Sampo Corporation 聲寶股份有限公司
- Company type: Public
- Traded as: TWSE: 1604
- Industry: Electronics
- Founded: 1936
- Headquarters: Taoyuan City, Taiwan
- Products: Home appliance
- Website: www.sampo.com.tw (in Chinese)

= Sampo Corporation =

Taiwanese manufacturing company

Sampo's logo 2002–2012

Sampo Corporation (聲寶股份有限公司) is a major manufacturing company in Taiwan. It manufactures household electrical items, including televisions, air-conditioners, and washing machines. The company has collaborated with TCL. It also manufactures PDP-TVs for Thomson on a contract basis.

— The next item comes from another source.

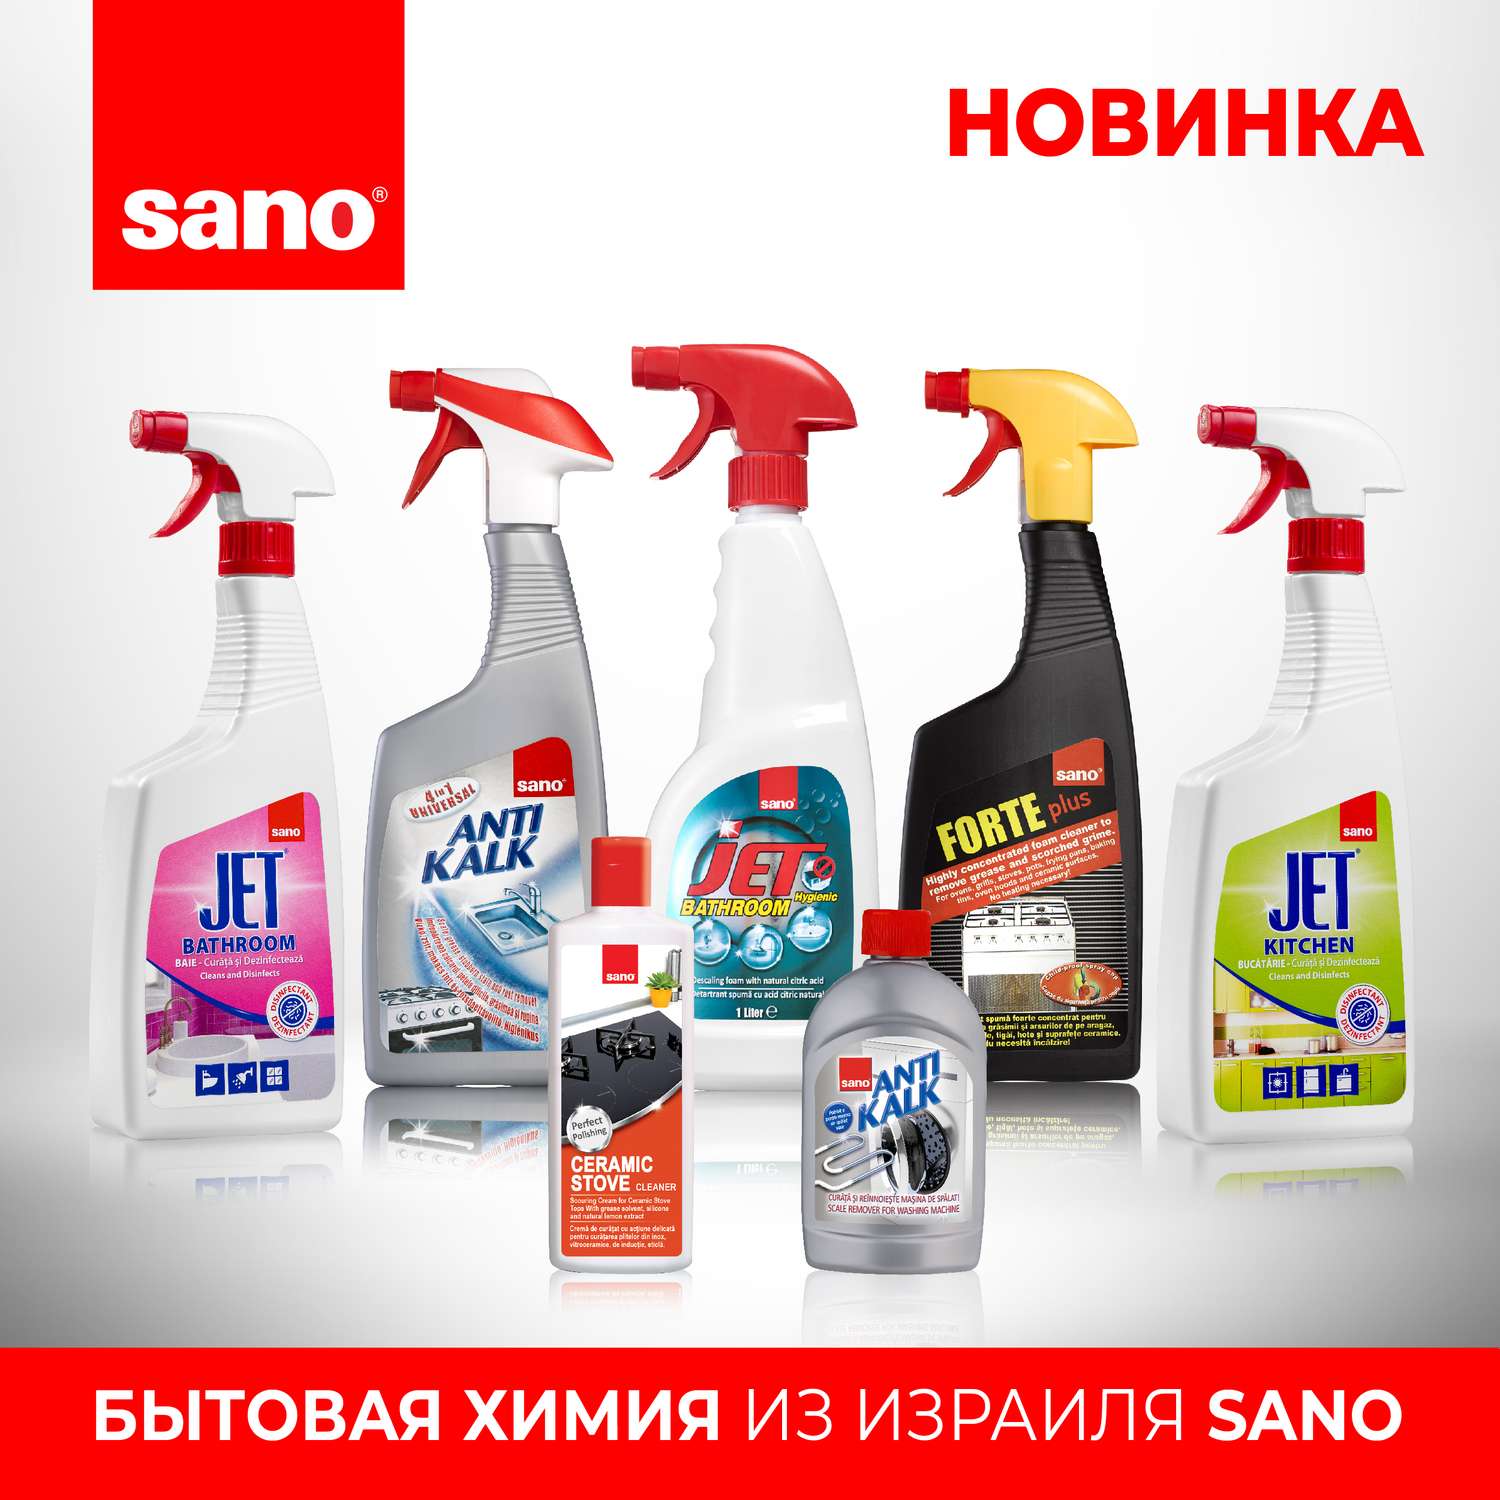 Чистящее средство для кухни Sano Jet многофункциональное антибактериальное 750 мл - фото 4

In 1967, Sampo and Sony established a joint venture in Taiwan, Sony Taiwan Limited. In 2000, Sony headquarters in Japan withdrew its agency rights and consolidated all Sony affiliates in Taiwan, ended the partnership between Sampo.

In 1969, Sampo and Sharp cooperated to manufacture color televisions. In 1990, Sharp Corporation (Taiwan) was established by Sharp and Sampo as the official branch of Sharp in Taiwan, responsible for the import and sales of Sharp's products. This partnership ended when Foxconn acquired Sharp in 2016.